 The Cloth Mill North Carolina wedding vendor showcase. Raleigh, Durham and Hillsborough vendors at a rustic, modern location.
--
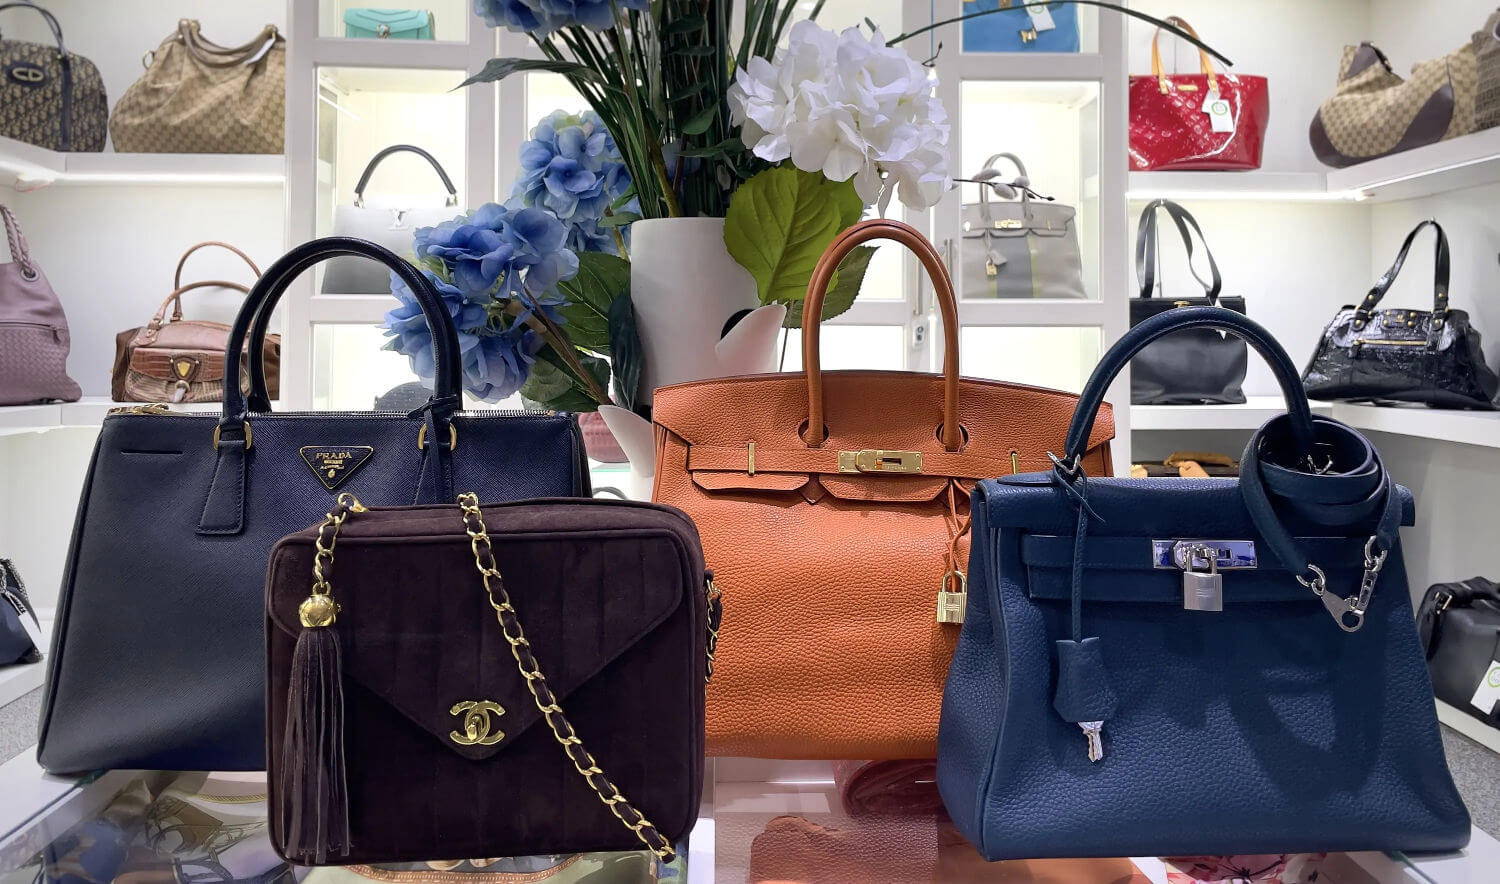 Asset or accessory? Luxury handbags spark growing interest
---
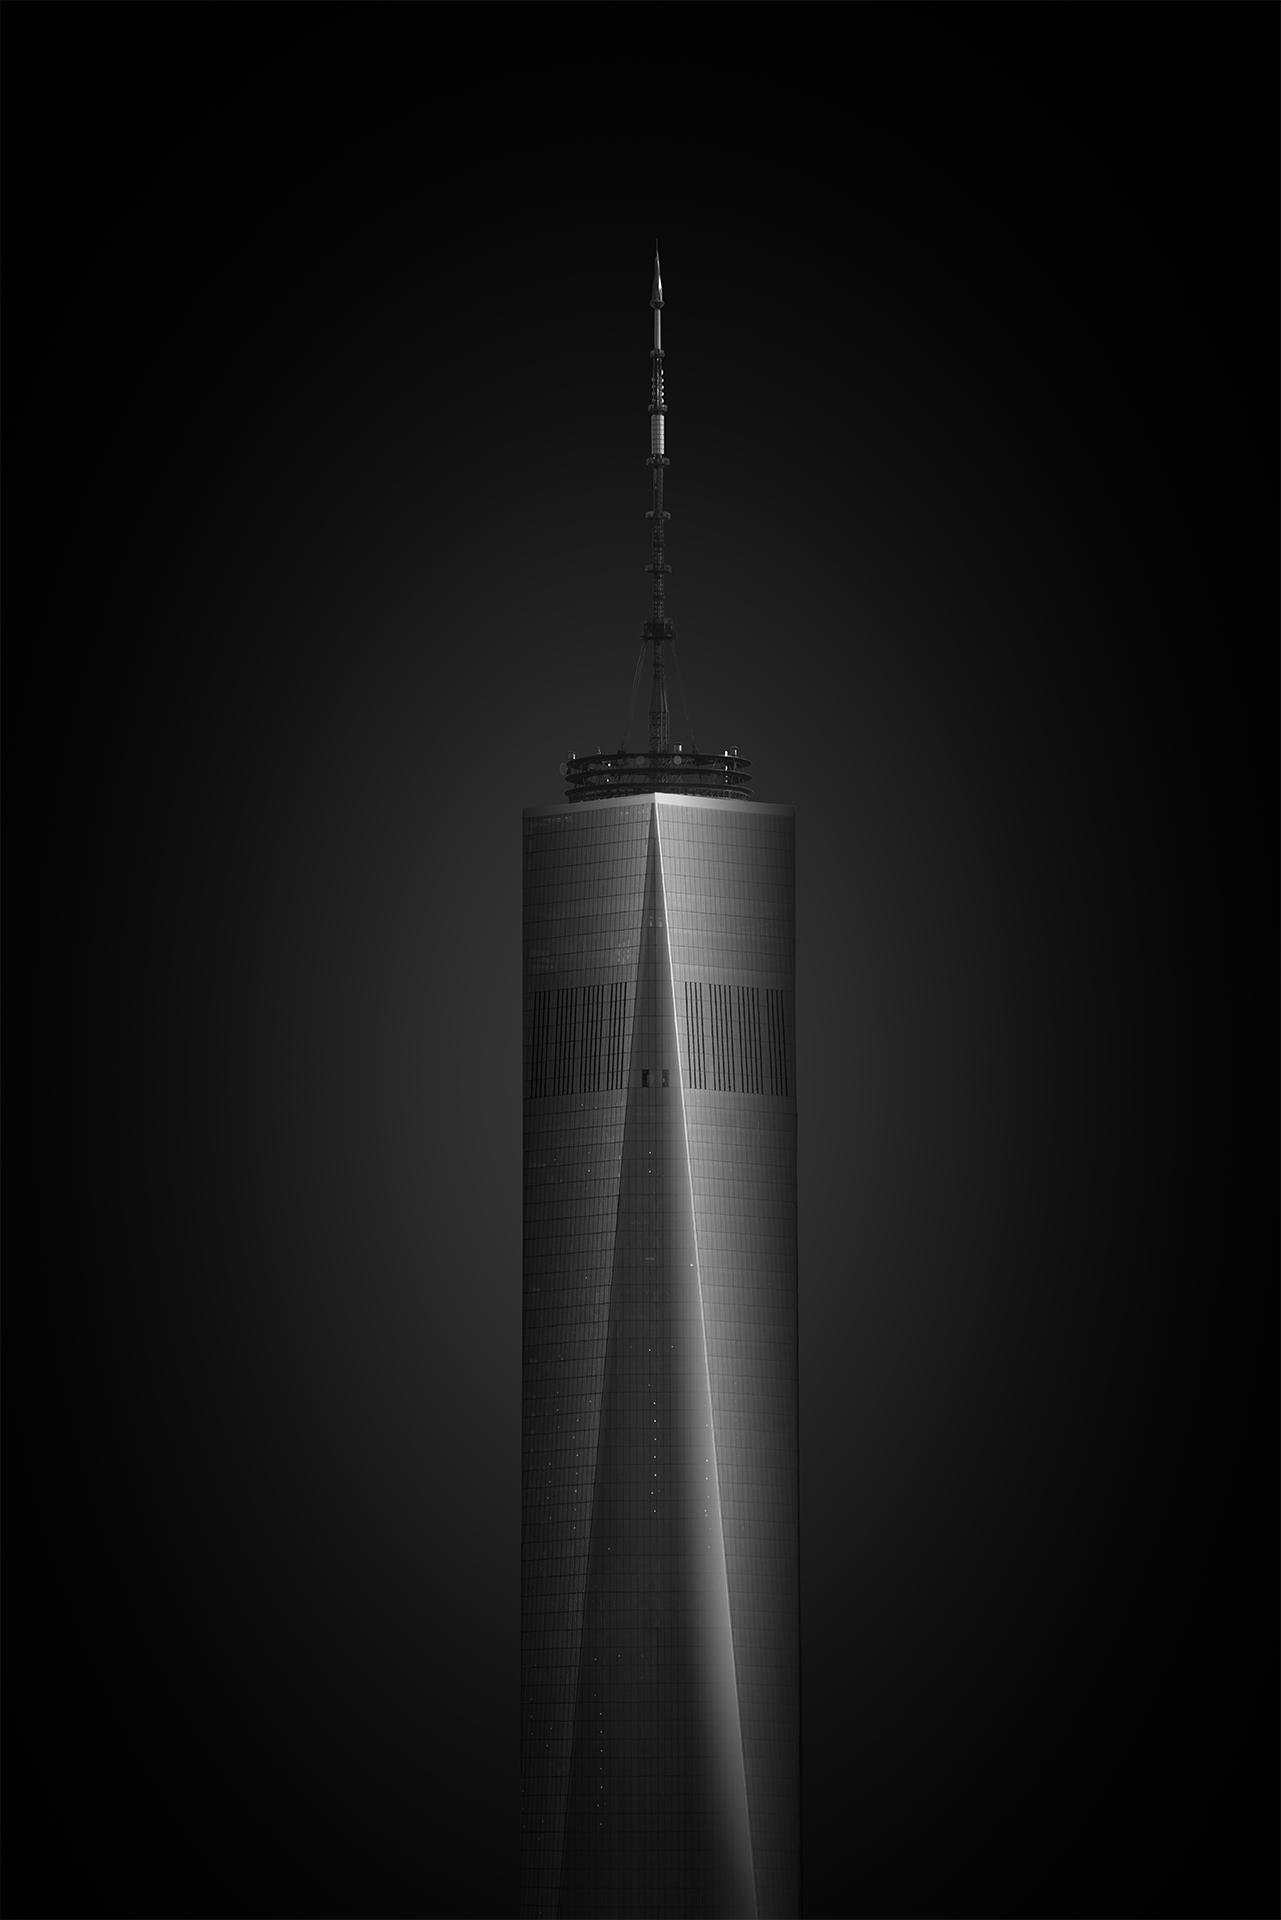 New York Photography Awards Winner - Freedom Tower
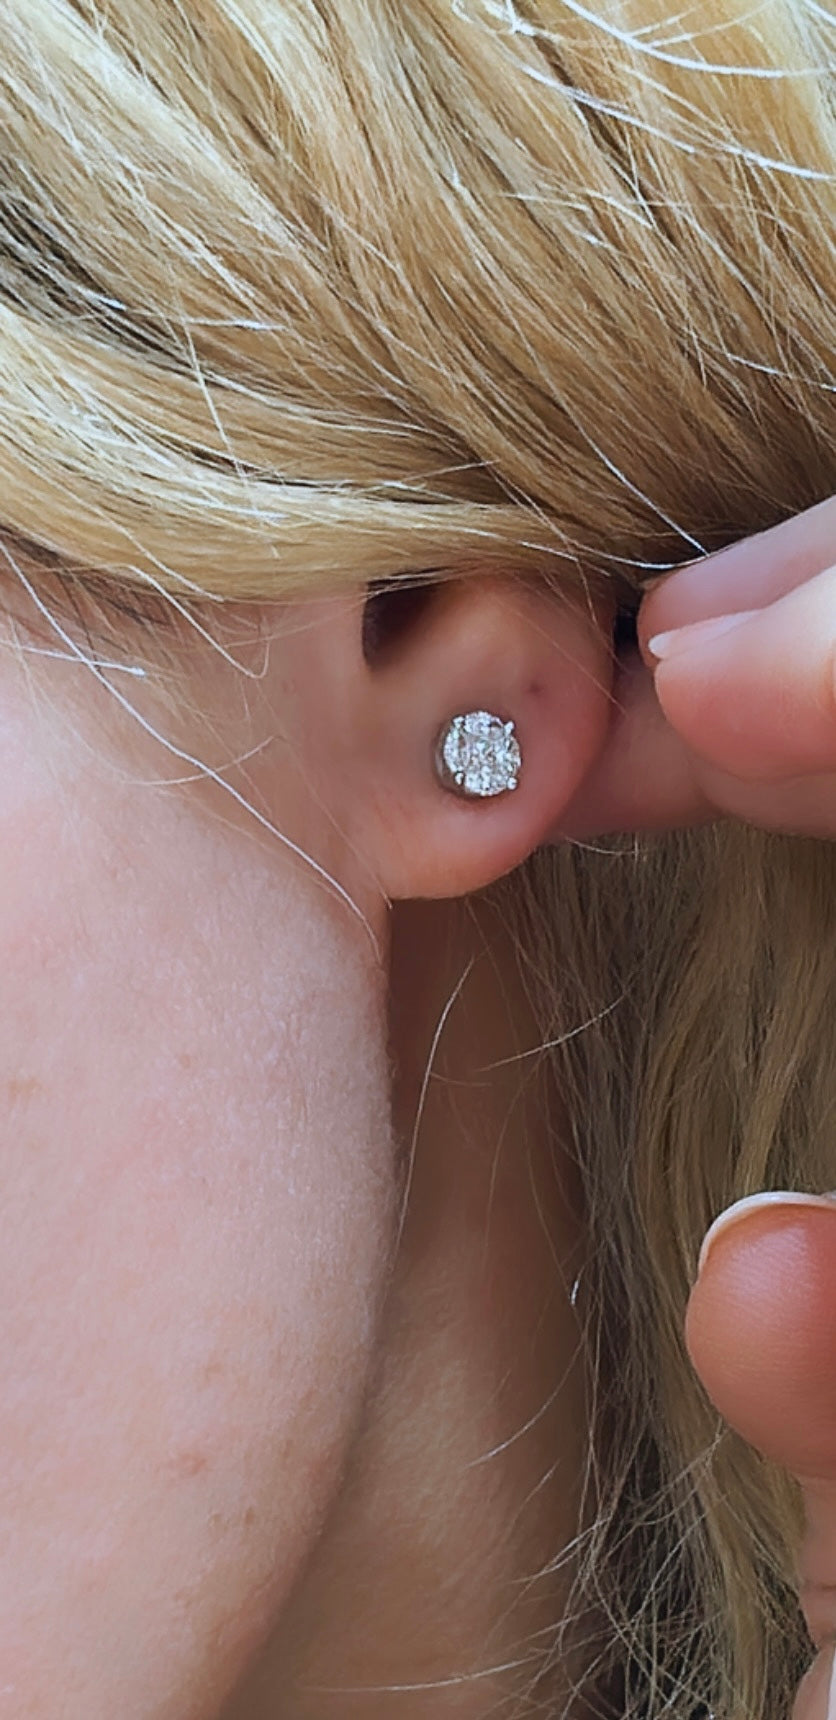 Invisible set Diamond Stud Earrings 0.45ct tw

**Task goal**
Reproduce exactly the lines of the data above that run from the line with "New York Photography" down to the line with "Invisible set Diamond", both ends included. Pictures do not belong in the copy.

**Problem solution**
 New York Photography Awards Winner - Freedom Tower
 Invisible set Diamond Stud Earrings 0.45ct tw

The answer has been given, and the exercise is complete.